For example, a setting that explicitly creates a tablespace having the same characteristics as the default is as follows:
[mysqld] innodb_data_file_path=ibdata1:10M:autoextend
      This setting configures a single 10MB data file named
      ibdata1 that is auto-extending. No location
      for the file is given, so by default, InnoDB
      creates it in the MySQL data directory.
    
      Sizes are specified using M or
      G suffix letters to indicate units of MB or GB.
    
      A tablespace containing a fixed-size 50MB data file named
      ibdata1 and a 50MB auto-extending file named
      ibdata2 in the data directory can be
      configured like this:
    
[mysqld] innodb_data_file_path=ibdata1:50M;ibdata2:50M:autoextend
The full syntax for a data file specification includes the filename, its size, and several optional attributes:
file_name:file_size[:autoextend[:max:max_file_size]]
      The autoextend attribute and those following
      can be used only for the last data file in the
      innodb_data_file_path line.
    
      If you specify the autoextend option for the
      last data file, InnoDB extends the data file if
      it runs out of free space in the tablespace. The increment is 8MB
      at a time by default. It can be modified by changing the
      innodb_autoextend_increment system variable.
    
      If the disk becomes full, you might want to add another data file
      on another disk. Instructions for reconfiguring an existing
      tablespace are given in Section 14.2.7, “Adding and Removing InnoDB Data and Log Files”.
    
      InnoDB is not aware of the filesystem maximum
      file size, so be cautious on filesystems where the maximum file
      size is a small value such as 2GB. To specify a maximum size for
      an auto-extending data file, use the max
      attribute.
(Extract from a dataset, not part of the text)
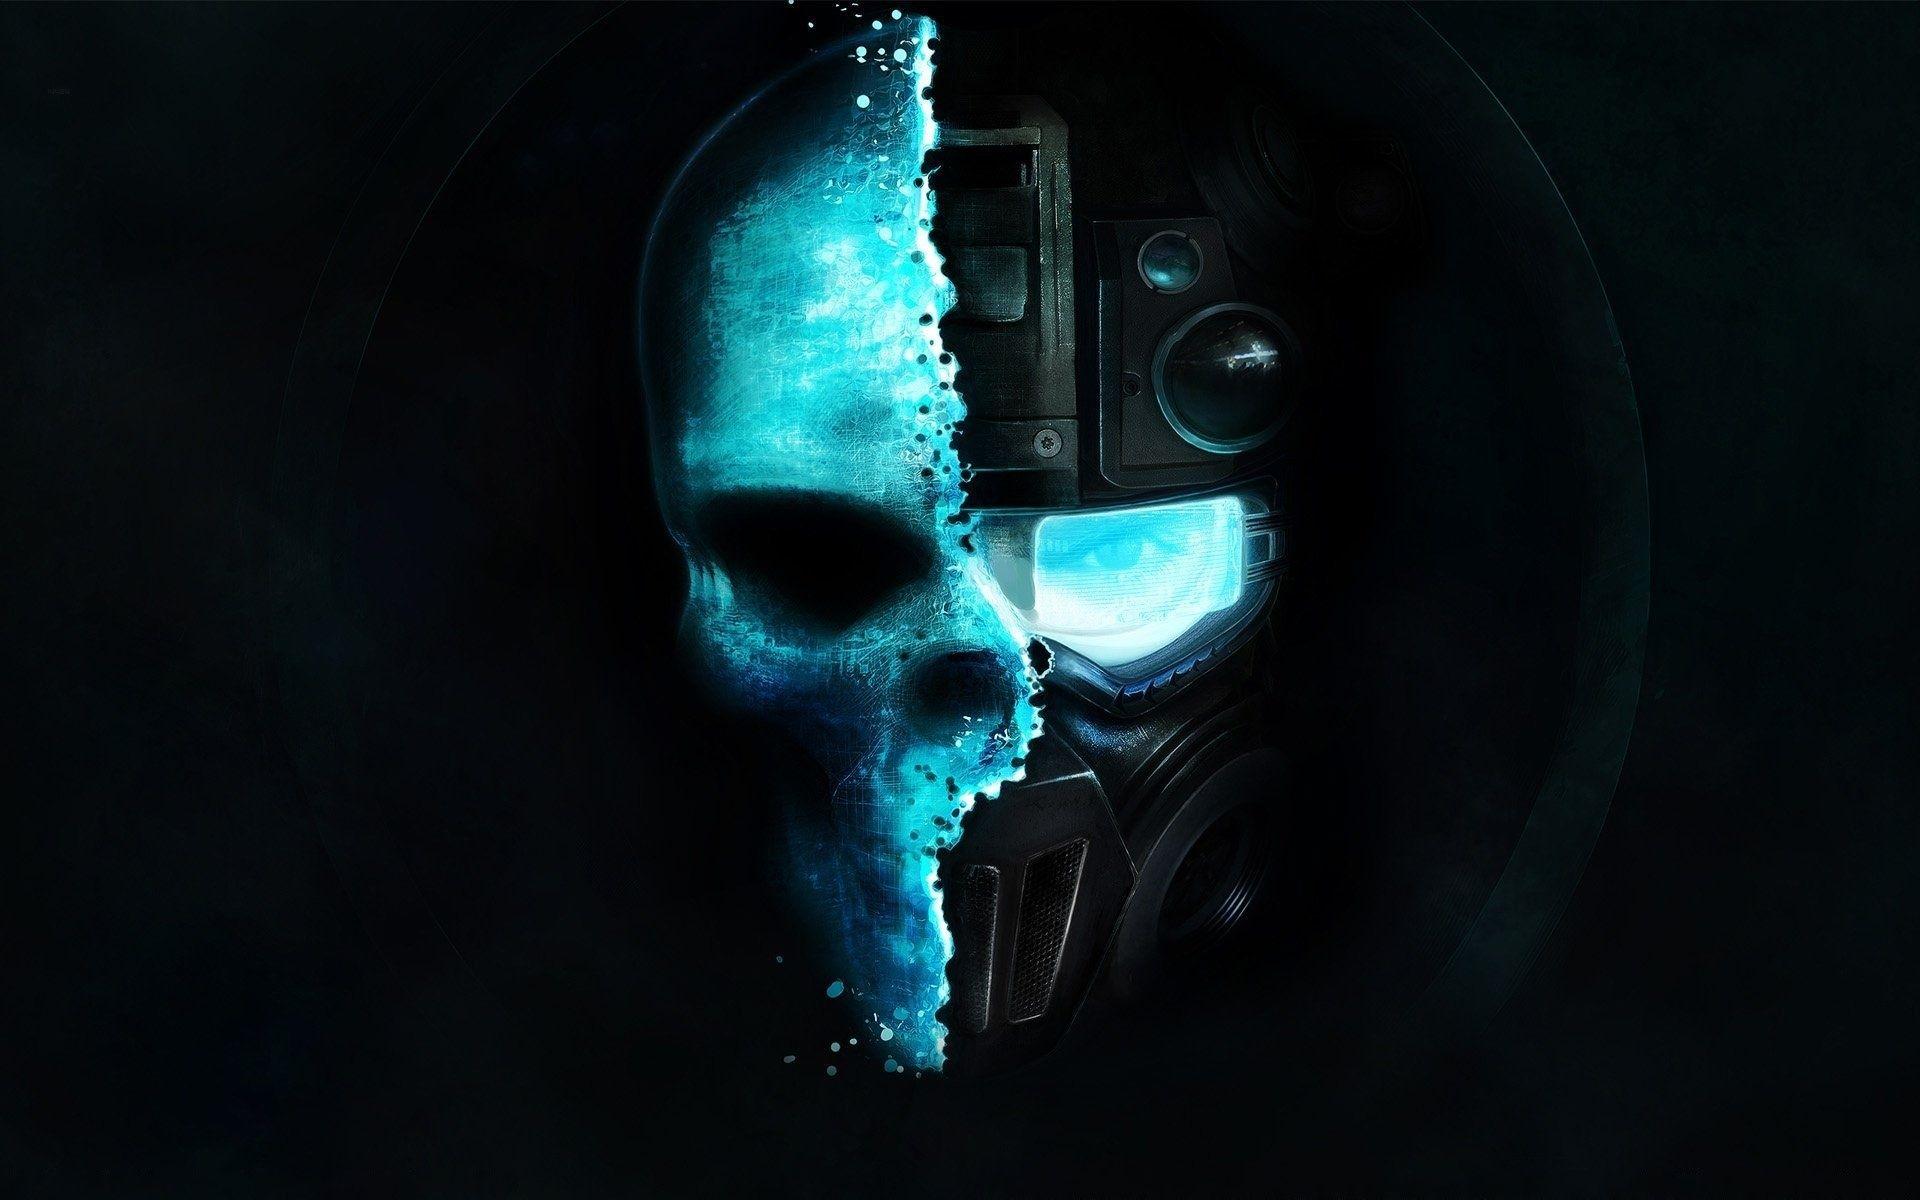 Ghost Recon Future Soldier Dark Horror Skulls Face Sci Fi Science Futuristic Wallpaper Background Skull Wallpaper Gaming Wallpapers Tom Clancy Ghost Recon

The following configuration allows
      ibdata1 to grow up to a limit of 500MB:
    
[mysqld] innodb_data_file_path=ibdata1:10M:autoextend:max:500M
      InnoDB creates tablespace files in the MySQL
      data directory by default. To specify a location explicitly, use
      the innodb_data_home_dir option. For example,
      to use two files named ibdata1 and
      ibdata2 but create them in the
      /ibdata directory, configure
      InnoDB like this:
    
[mysqld] innodb_data_home_dir = /ibdata innodb_data_file_path=ibdata1:50M;ibdata2:50M:autoextend
      Note: InnoDB
      does not create directories, so make sure that the
      /ibdata directory exists before you start the
      server. This is also true of any log file directories that you
      configure. Use the Unix or DOS mkdir command to
      create any necessary directories.
    
      InnoDB forms the directory path for each data
      file by textually concatenating the value of
      innodb_data_home_dir to the data file name,
      adding a pathname separator (slash or backslash) between values if
      necessary. If the innodb_data_home_dir option
      is not mentioned in my.cnf at all, the
      default value is the “dot” directory
      ./, which means the MySQL data directory.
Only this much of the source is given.